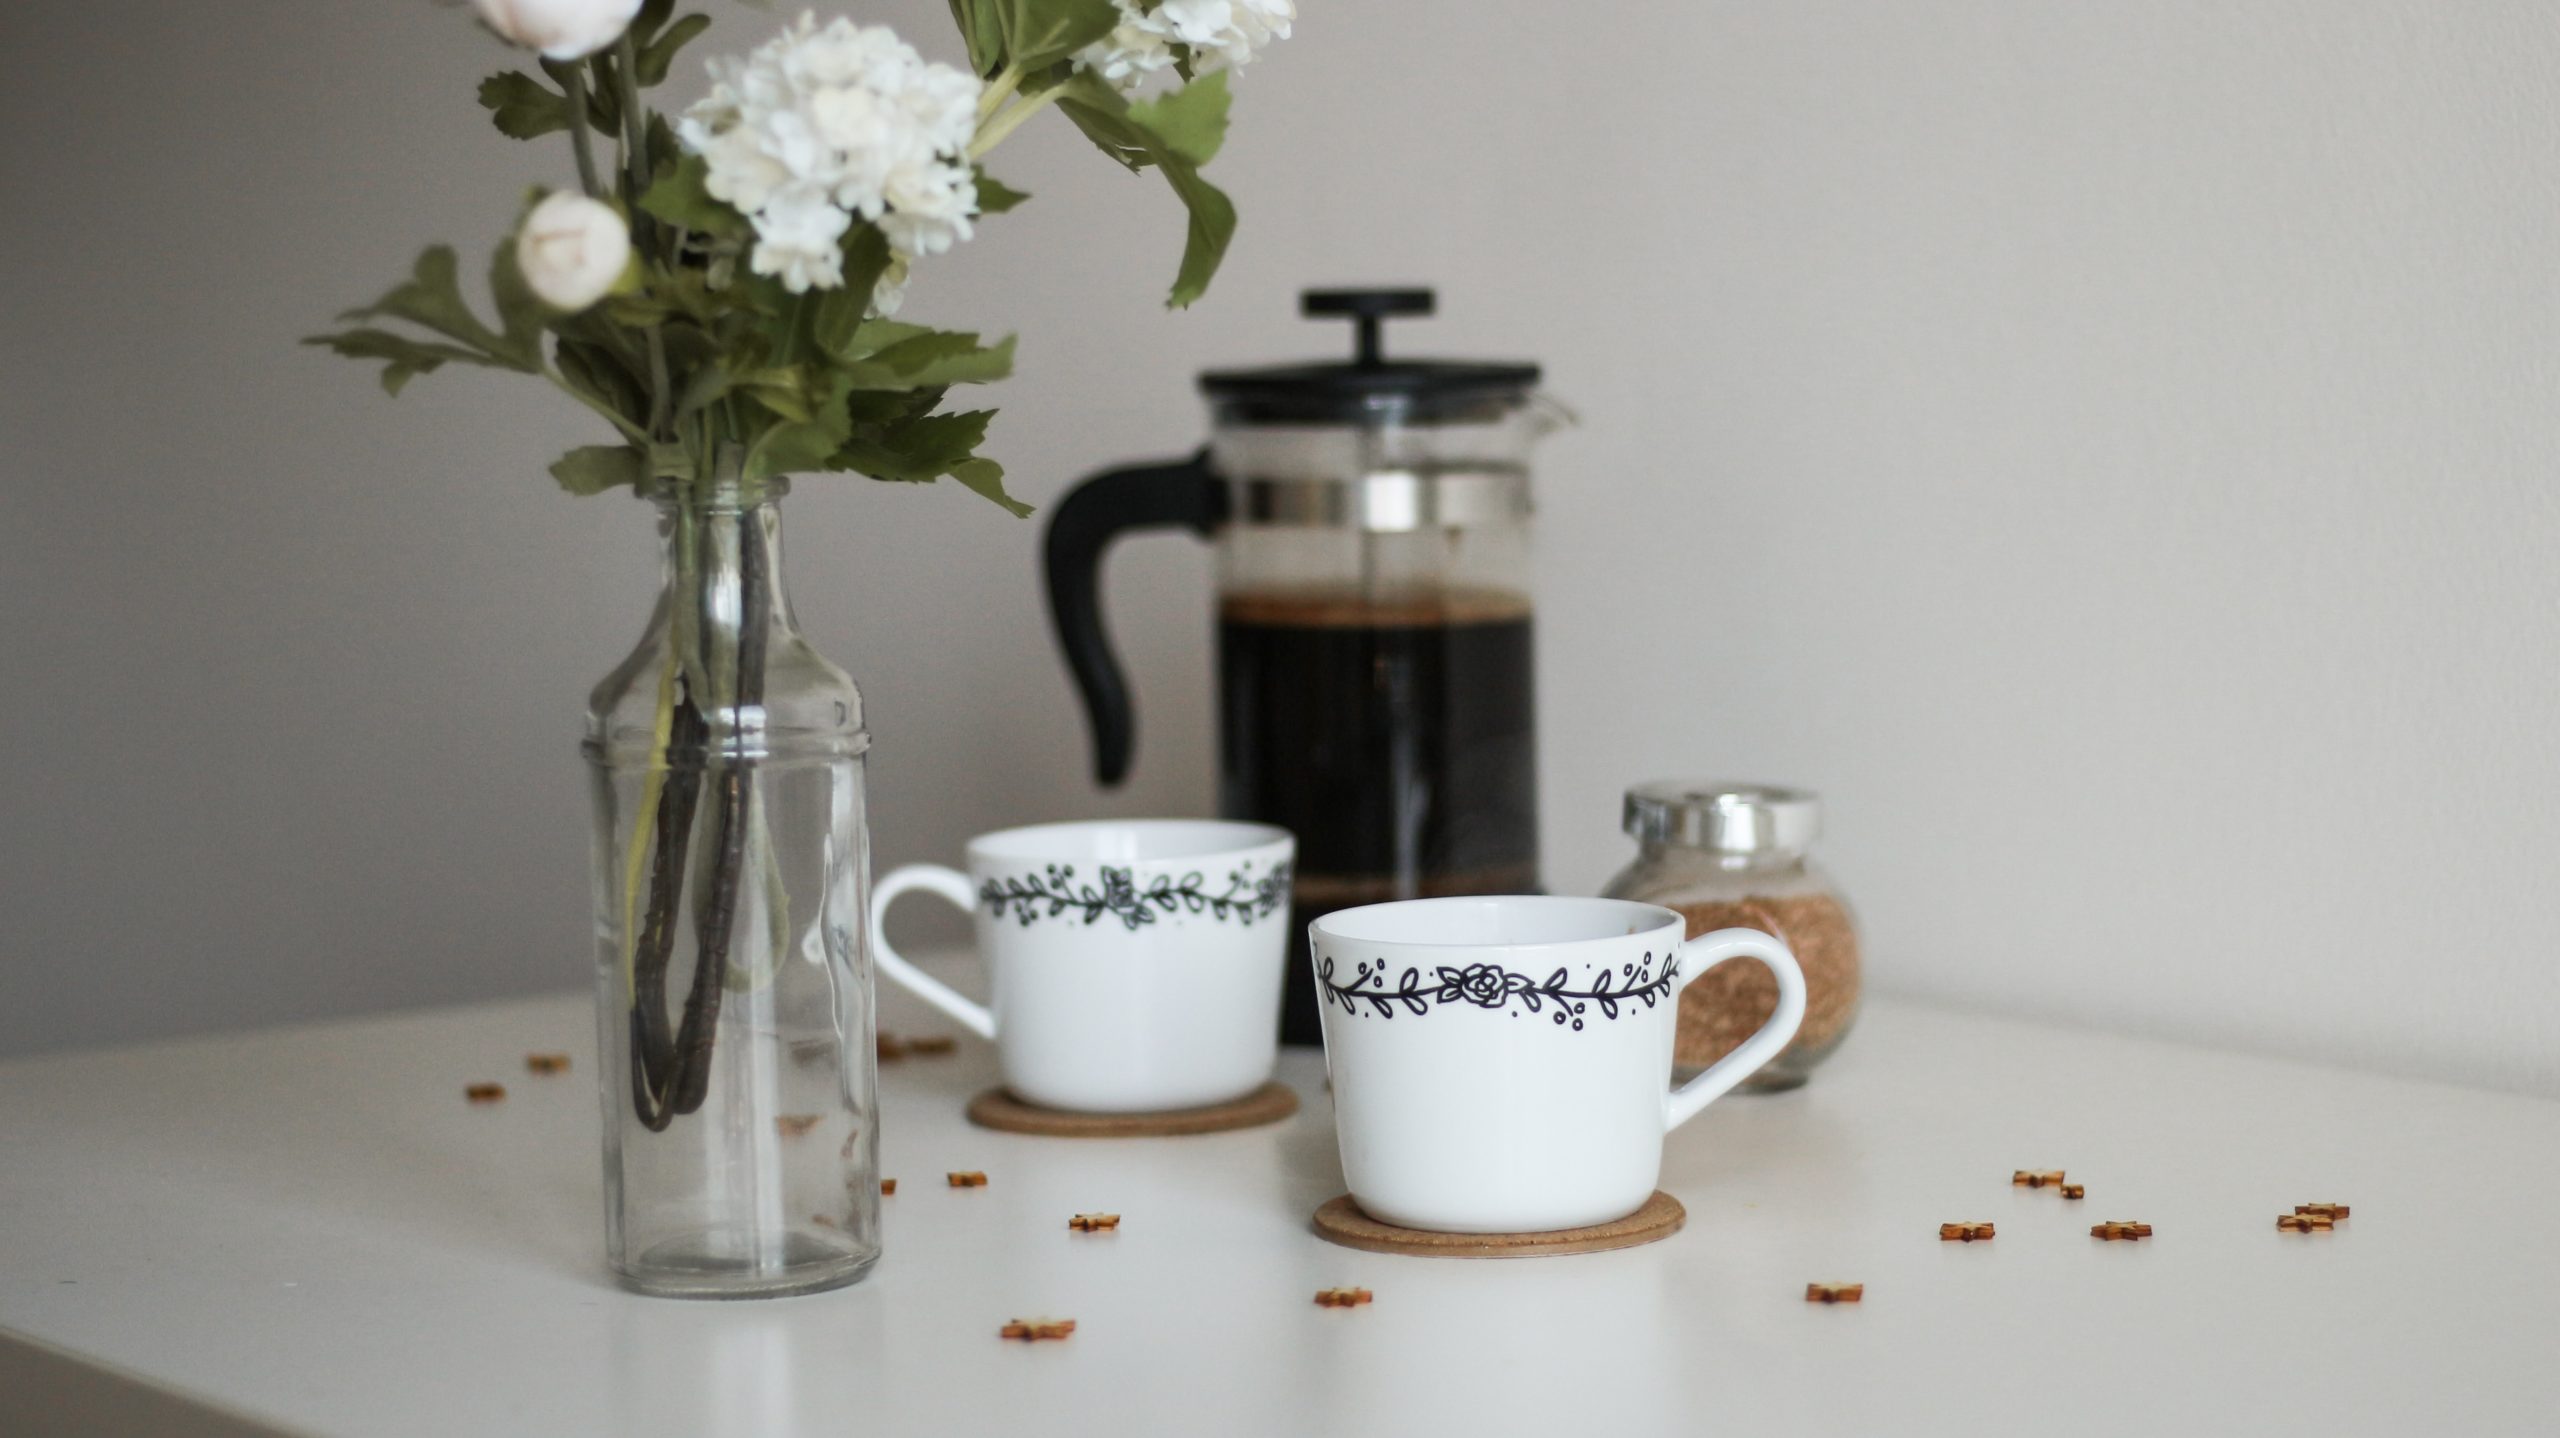 káva - tereza ruba AaNuSbrzsc8 unsplash scaled - Zelený čaj a káva – ktorý nápoj je lepší pre zdravie
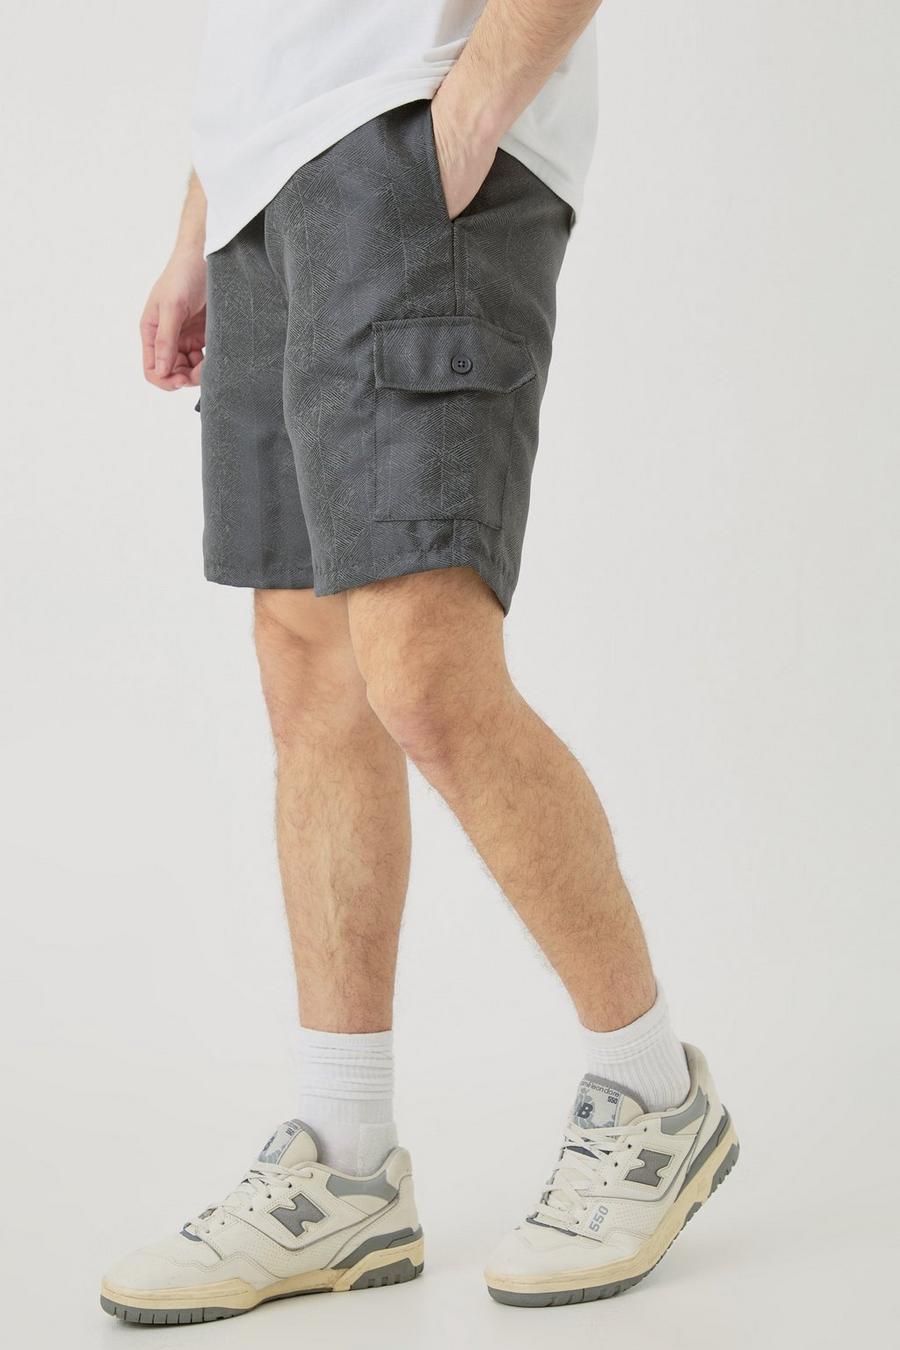 Pantalón corto Tall cargo texturizado con cintura elástica en color carbón, Charcoal image number 1
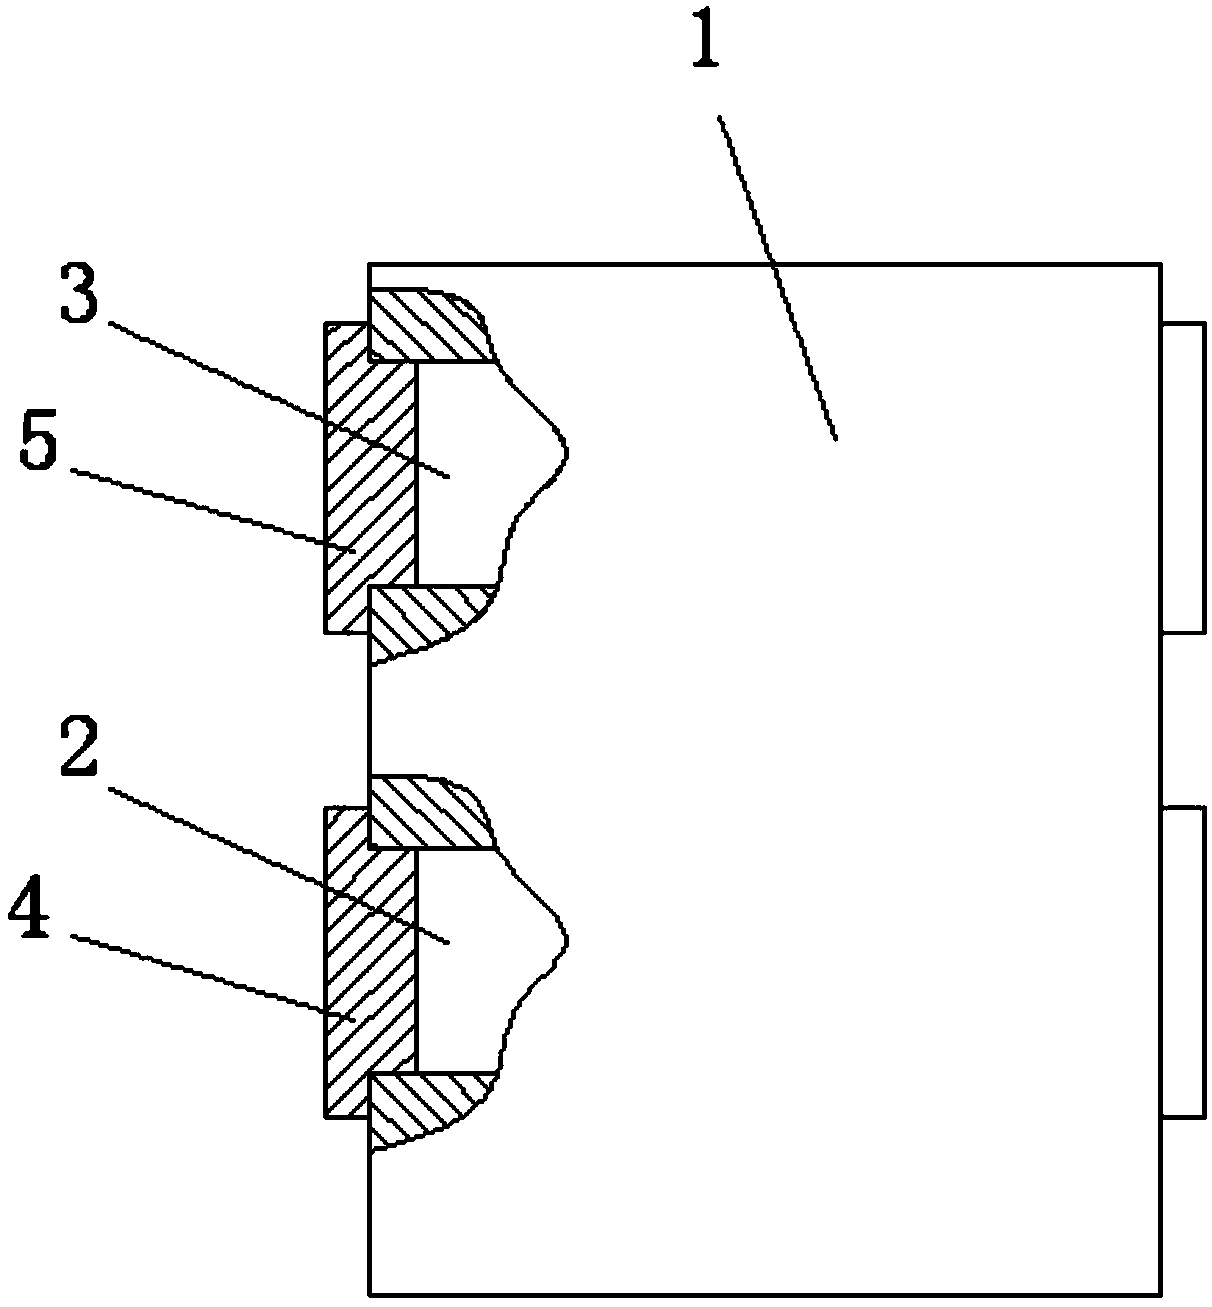 Method for storing valve

— ACTION ITEM —
Return the full listing above exactly as written, and omit the pictures.

— RESULT BELOW —
 káva - tereza ruba AaNuSbrzsc8 unsplash scaled - Zelený čaj a káva – ktorý nápoj je lepší pre zdravie
 Pantalón corto Tall cargo texturizado con cintura elástica en color carbón, Charcoal image number 1
 Method for storing valve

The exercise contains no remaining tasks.